Most people probably think of Durant as a strictly navy blue-and-gold program. After all, those are two colors that the school uses for, well, just about everything. Branding, uniforms, websites — you name it, it’s covered in navy and gold.
That begs a question: How do those green jerseys fit in with the overall look of the program? I talked to Long about it some time ago, and it turns out that the color is more integrated into the school’s tradition than one would think.
“A lot of people think that our colors are Vegas and navy blue, and they are, but kelly green is also considered a school color,” Long says.
Besides on the gridiron, the color is most prominent during any given spirit week. As with many high schools, each class has its own identifying color. For Durant juniors, theirs is kelly green.
On the field, the team takes its cues from Notre Dame. There’s nothing about the overall uniform design that changes, besides the fact that the jerseys are a different color. The players all seem to love the feeling of pulling that kelly green over their heads and getting ready to put on a show for the Homecoming crowd.
And, as someone with a rooting interest in the Fighting Irish, I hope Durant’s green jerseys aren’t cursed like Notre Dame’s. I’m pretty sure that they aren’t cursed, though, knowing that Durant’s first win of the 2013 season was a 26-0 Homecoming beatdown on Gaither.
“They started wearing those, I’d say, eight or nine years ago,” Long says. “The green was always an official school color, but nobody ever really emphasizes it. It seems like, once our football team started doing that, other teams in other sports started putting green in the jerseys.”
Strawberry Crest, another school that redesigned its uniforms for the 2014 season, doesn’t have an extra, somewhat hidden color in its visual branding.
Typically, a team that wears black or white jerseys, the Chargers have been known to break out a set of reds. The fans could get a look at some new reds tonight, if a hint head coach John Kelly dropped to me holds up.
Apart from that, Crest has one extra Homecoming tradition that pertains to the football team — specifically, the jerseys. On the Friday of Homecoming week, the Crest faculty and staff wear Charger football jerseys over their clothes to get hyped for that night’s game.
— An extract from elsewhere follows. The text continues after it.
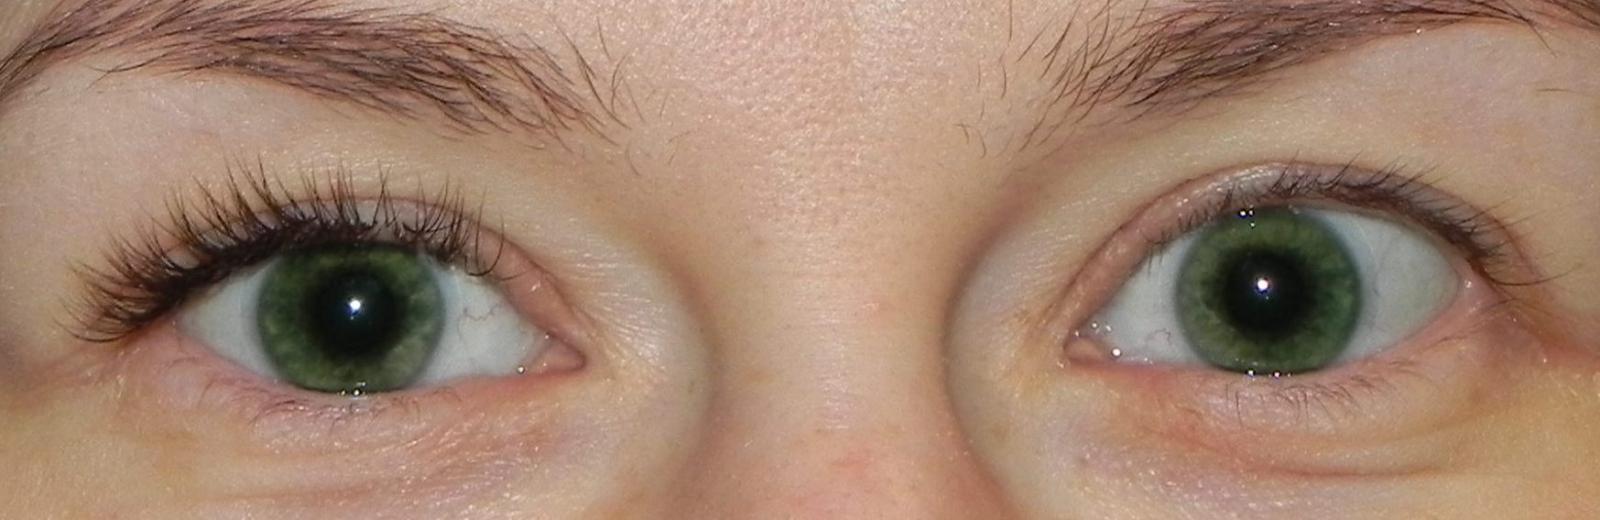 один глаз

“That’s a neat show of support from the staff, the faculty and administration, towards the football game and the football program as a whole,” Kelly says.
When I was in high school, we didn’t have anything like that. There were only two sets of uniforms, and the only time I can recall seeing the faculty in jerseys was when there was a general sports theme for one day. None of them wore Lake Region jerseys.
Maybe the closest any big group came to putting on a Thunder uniform was in my senior year, but that was when the entire Varsity baseball team dressed up as the head coach/athletic director/lunch detention overseer and stayed in character all day. That was hilarious, and I encourage any local high school teams with interesting head coaches to do the same — in good taste — when the opportunity arises.
Cougars and Chargers — have an awesome Homecoming weekend. Let’s play some football!